ALEYNA SEVİM İstanbul – Altta yatan neden ise yoğun soya üretimi esnasında kullanılan pestisitler.
123 ölüm görüldü
Çalışmayı Milliyet’e değerlendiren Florida Üniversitesi Onkoloji Bölümü’nden uzman Dr. İlyas Şahin, şu bilgileri paylaştı:
“Çalışmada, 2008 ile 2019 yılları arasında soya üretimindeki hızlı artış ile çocuklarda akut lenfoblastik lösemi (ALL) ölümleri arasında istatistiksel olarak anlamlı bir korelasyon bulundu. Bu, tarımsal pestisitlere dolaylı maruz kalma ile kanser arasındaki ilişkinin nüfus çapında ilk analizini temsil etmektedir. Soya üretimine ayrılan alan yüzde 10 arttığında, 100 bin çocuk nüfusu başına 5 yaş altı çocuklarda yaklaşık olarak 4 ek ölüm ve 10 yaş altı çocuklarda 100 bin nüfusa başına ek olarak 2.1 ölümle ilişkilendirildiği tespit edildi.
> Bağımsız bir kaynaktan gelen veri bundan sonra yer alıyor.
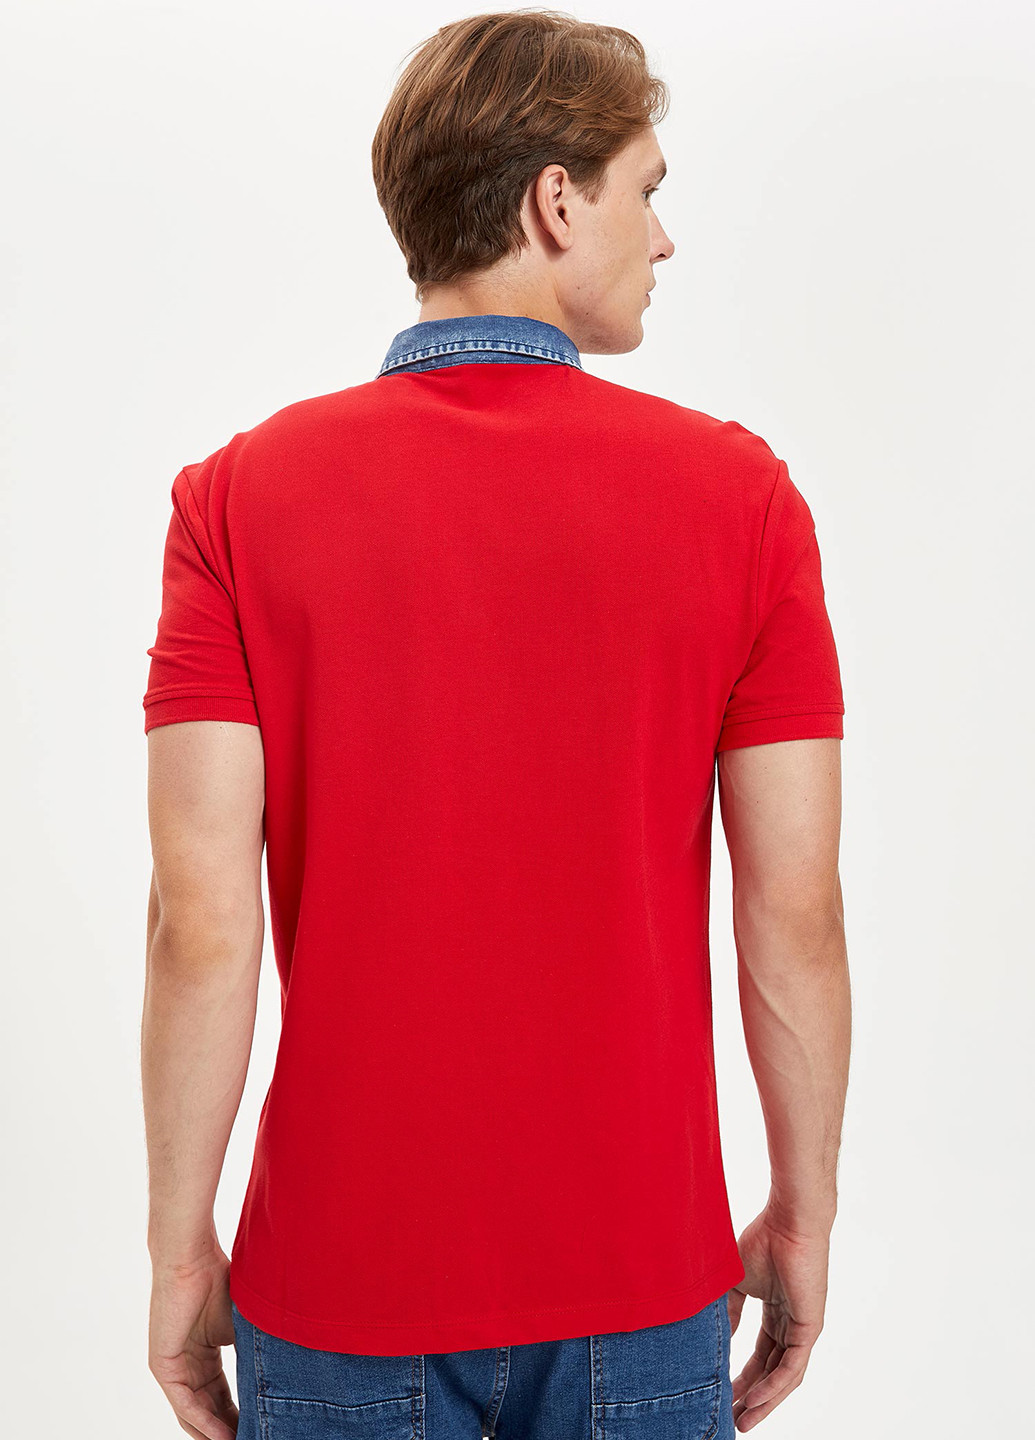 Красная футболка-поло для мужчин DeFacto однотонная

Toplamda, 2008 ile 2019 yılları arasında, aynı dönemde lösemi nedeniyle rapor edilen toplam 226 ölümden 10 yaşın altındaki 123 çocuğun, pestisit maruziyetine bağlı hastalığa yakalanarak öldüğü tahmin edilmektedir.”
10 kat artış
ABD Ulusal Bilimler Akademisi’nin (NAS) hakemli akademik dergisinde yayınlanan çalışmada, soya tarımının yapıldığı alanlarda yüzey sularında biriken zirai zehir kalıntılarının, yerel halkta hastalıklara neden olduğu belirtildi. Çalışma verilerinin dayandığı Brezilya Cerrado’daki soya alanının 2000 yılında 5 milyon hektardan 2019 yılında 15 milyon hektara ulaştığına dikkat çeken Dr. Şahin, aynı dönem bölgede böcek zehri kullanım artışının ise 10 katı bulduğuna vurgu yaptı. Şahin, “Tarım amaçlı pestisitler doğru şekilde kullanılmadığında olası zararları var. Özellikle tarımla uğraşan bölgelerde böcek ilacı düzenlemelerinin ve denetimlerinin güçlendirilmesi gerekiyor” değerlendirmesini yaptı.
Kaçış yok
Pestisit kullanımının azaltılması için biyoteknolojik mücadele çalışmaları yrüten Ankara Üniversitesi Ziraat Fakültesi Bitki Koruma Bölümü öğretim üyesi Prof. Dr. Cem Özkan şunları dedi:
“Tarım ürünlerinde pestisit kalıntısı var ancak hiçbir otorite tarımsal kalıntı problemini kabul etmiyor. Kullanılan tarım zehirlerinin ancak binde biri hedef alınan zararlılara gidiyor. Gerisi havaya suya ve toprağa karışıyor. Ve bu kimyasallar zamanla kanserojen oldukları anlaşıldıkça yasaklanıyor. Ama çalışmada insanların tarım alanından uzak dahi olsa zehirden kaçamayacağını gösteriyor. Çözüm için eğitim ve denetleme çok önemli ama esas önemli olan problemi kabul etmek. Ama Türkiye hala pestisit ithali için yıllık 600 Milyon dolar ödüyor. Pestisit alternatifi yöntemler ise ülkemizde hemen hemen hiç kullanılmıyor. ‘Akıllı böcek akıllı çiftçi’ uygulamasıyla biz üniversite olarak, Birçok üründe pestisit kullanımını yüzde 50 azaltmayı başardık. Bu tip çalışmaları destekleyip, gündemde tutmak gerekiyor.”